3D Parallelism (or hybrid parallelism) composes all three, mapping each strategy to the interconnect tier where it performs best.

Why this matters for AGIACC: frontier training is infrastructure choreography. The companies that understand these boundaries are better positioned to secure how high-value models are actually built.


Megatron-DeepSpeed
#

The Megatron-DeepSpeed system, jointly developed by NVIDIA and Microsoft, is the canonical implementation of 3D parallelism. It was used to train models like Megatron-Turing NLG (530B) and has influenced most subsequent large-scale training systems.

Architecture
#

Consider a cluster of 64 DGX H100 nodes (512 GPUs total) training a 175B-parameter model:

                              ┌─────────────────────────────┐
         Data Parallel Group  │  64 replicas across cluster  │
                              └──────────┬──────────────────┘
                                         │
                              ┌──────────▼──────────────────┐
       Pipeline Parallel Group│  8 stages across 8 nodes     │
                              └──────────┬──────────────────┘
                                         │
                              ┌──────────▼──────────────────┐
        Tensor Parallel Group │  8 GPUs within a single node │
                              └─────────────────────────────┘
  • Tensor Parallel (TP) = 8: Each transformer layer is split across 8 GPUs within a node, using NVLink at 900 GB/s.
  • Pipeline Parallel (PP) = 8: The model’s layers are split into 8 stages, one per node, communicating via InfiniBand at 400 Gb/s.
  • Data Parallel (DP) = 8: 8 identical pipeline replicas train on different data, synchronising gradients via AllReduce across the cluster.
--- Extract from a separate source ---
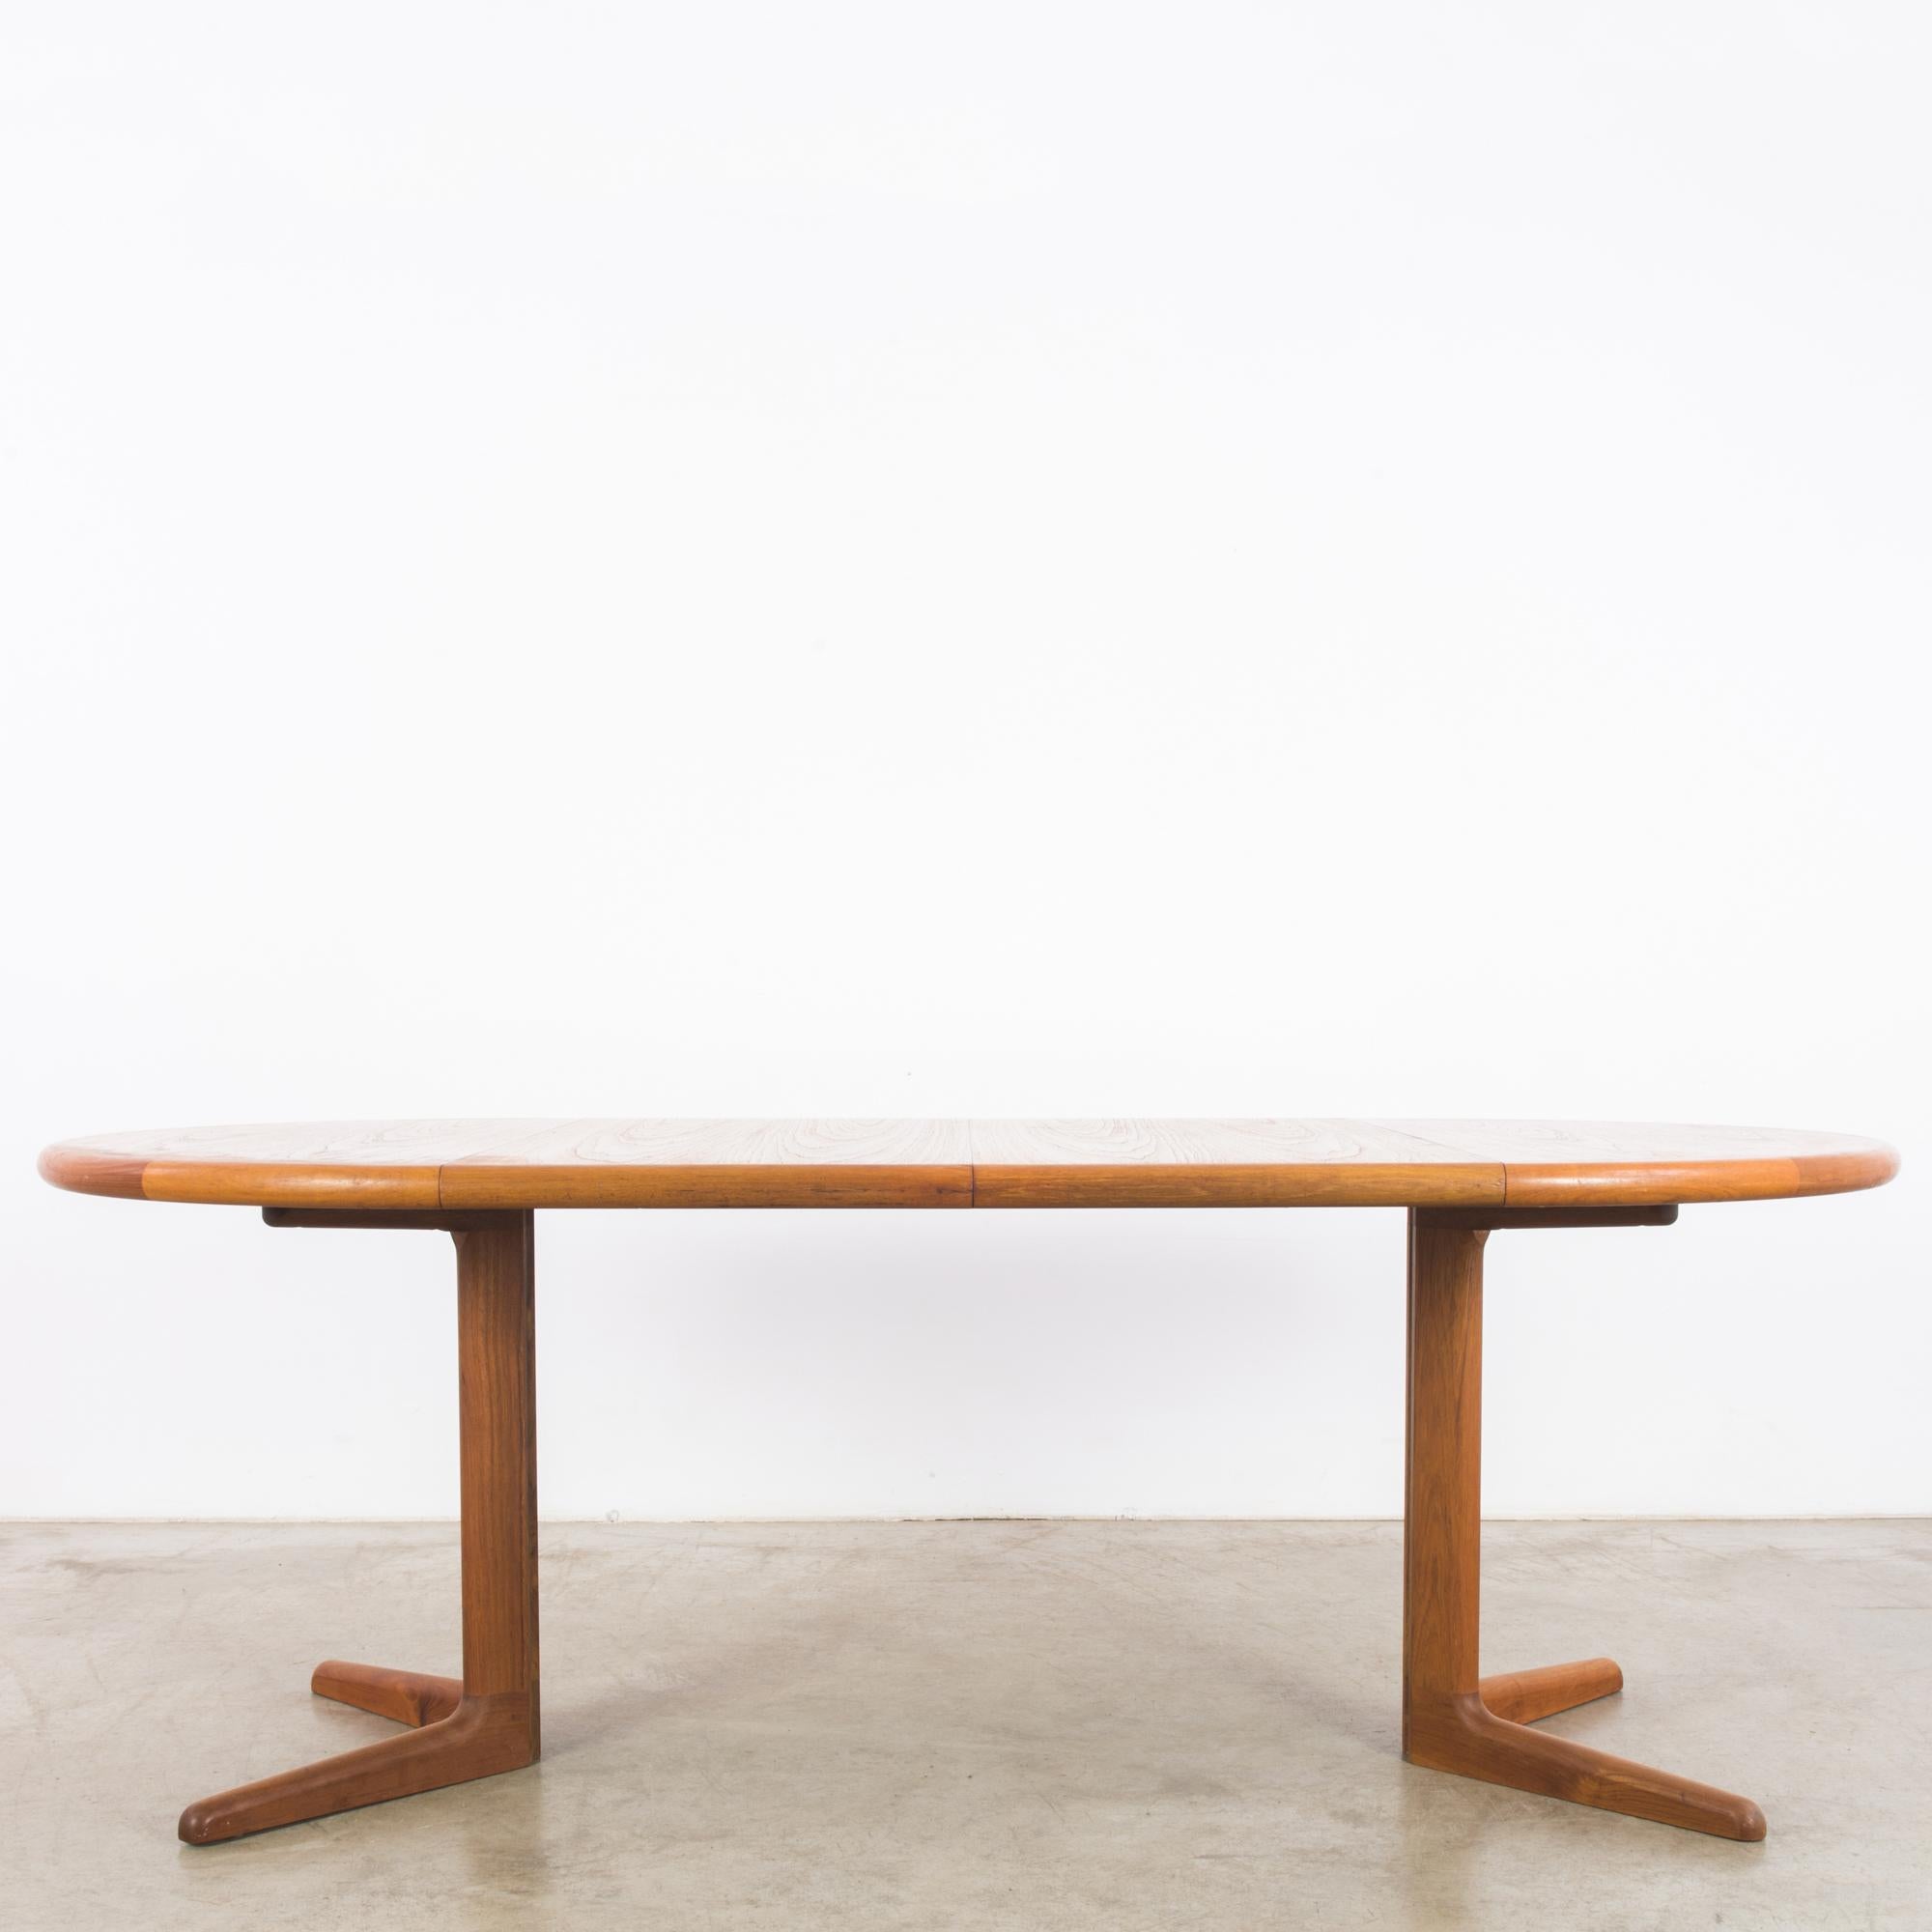 This teak dining table was made in Denmark, circa 1970. When fully extended, the table displays a stadium-shaped tabletop. It can be easily converted into a round table by removing two panels. This versatility and the use of high-quality teak
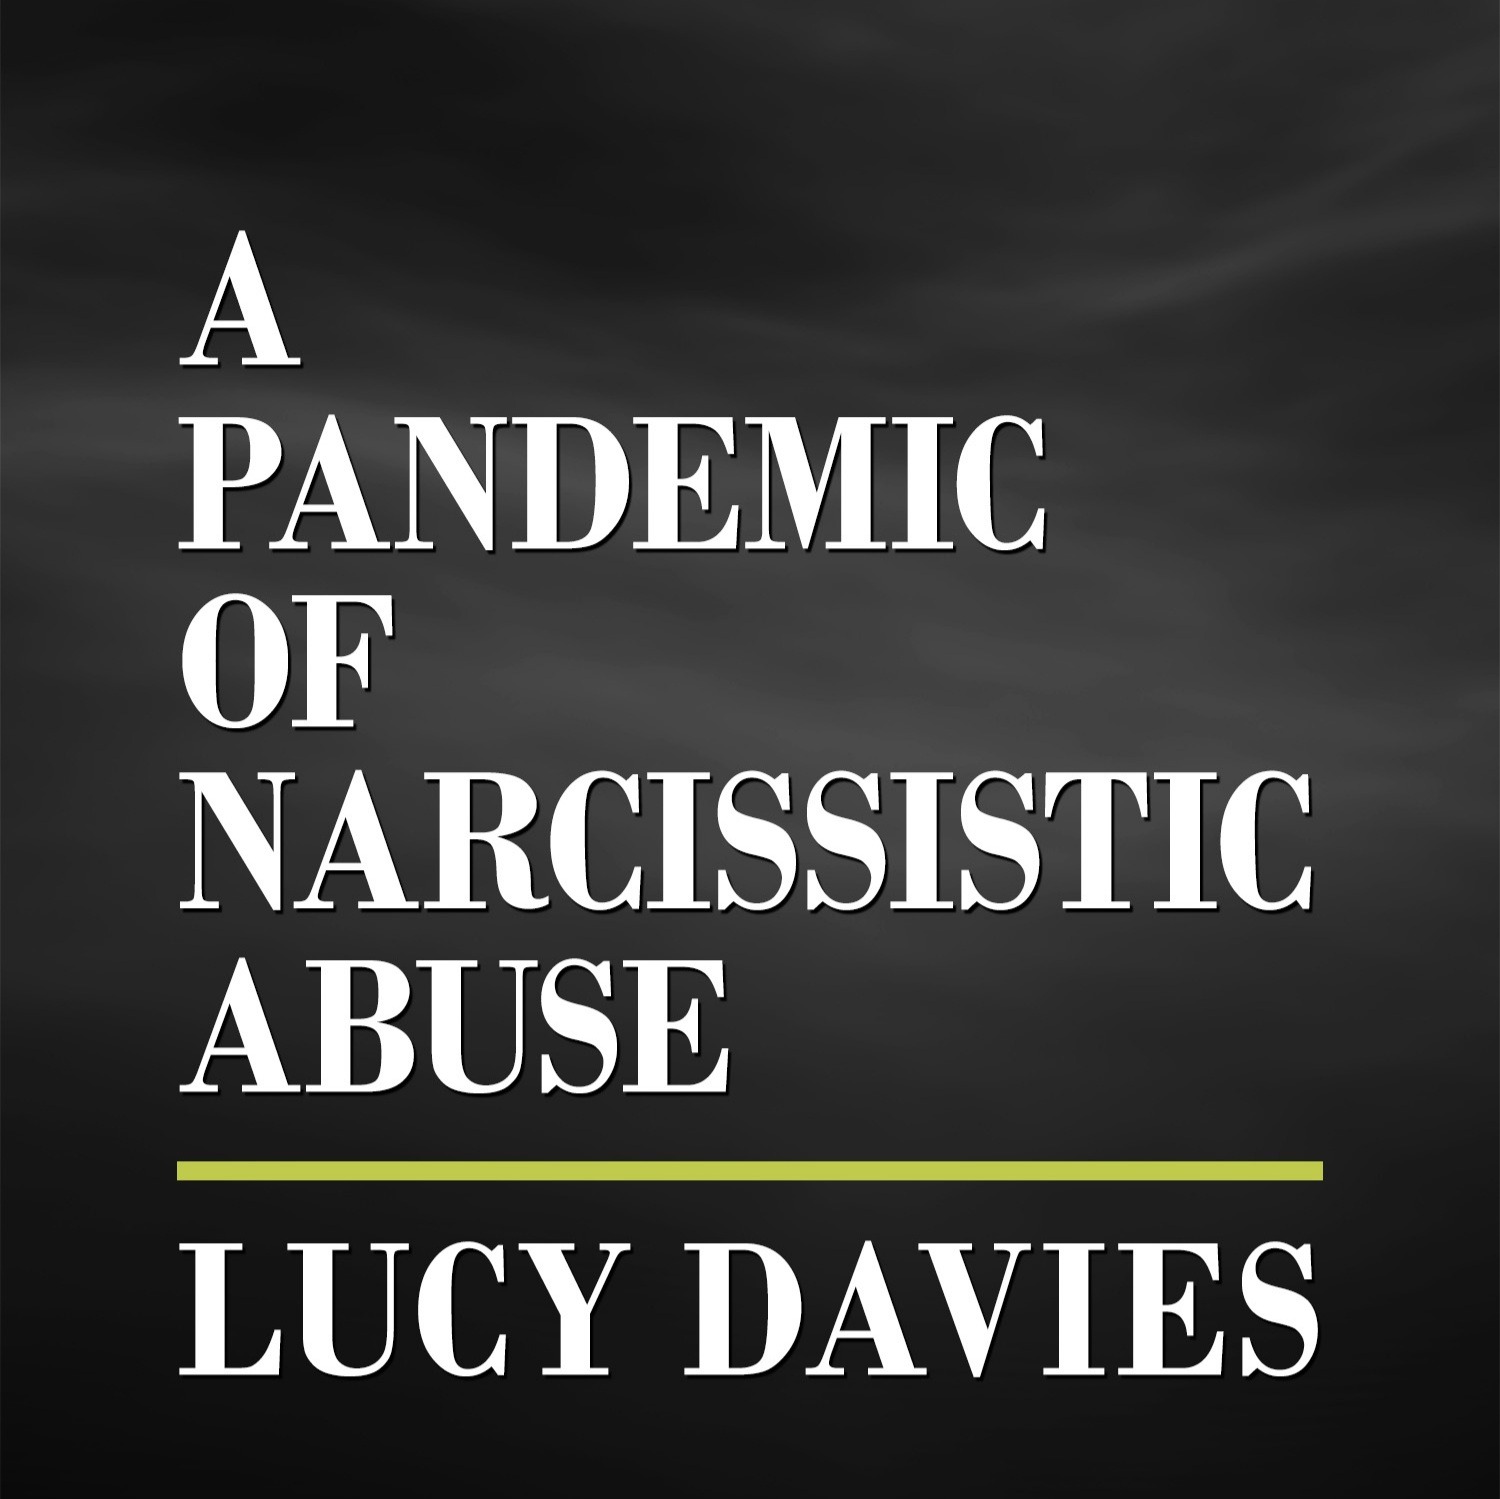 A Pandemic of Narcissistic Abuse

Total GPUs = TP × PP × DP = 8 × 8 × 8 = 512 GPUs.


Configuration Space
#

Choosing the right TP/PP/DP configuration is a systems optimisation problem. Key trade-offs:

Increasing…ReducesIncreasesConstraint
TP degreePer-GPU memory for one layerAllReduce traffic (intra-node)Limited by intra-node bandwidth
PP degreePer-GPU memory (fewer stages)Pipeline bubbles, activation latencyBubble fraction ≈ (PP-1) / micro-batches
DP degreeN/A (model unchanged)Gradient AllReduce trafficRequires enough global batch size

Modern autotuners (e.g., Alpa, Galvatron) use cost models and dynamic programming to search this space automatically.


ZeRO + 3D Parallelism
#

Combining ZeRO with 3D parallelism further reduces memory without changing the parallelism geometry:

  • ZeRO Stage 1 shards optimizer states across the data-parallel group — compatible with any TP/PP configuration.
  • ZeRO Stage 2 additionally shards gradients.
  • ZeRO Stage 3 shards parameters as well, but can conflict with tensor parallelism unless carefully coordinated.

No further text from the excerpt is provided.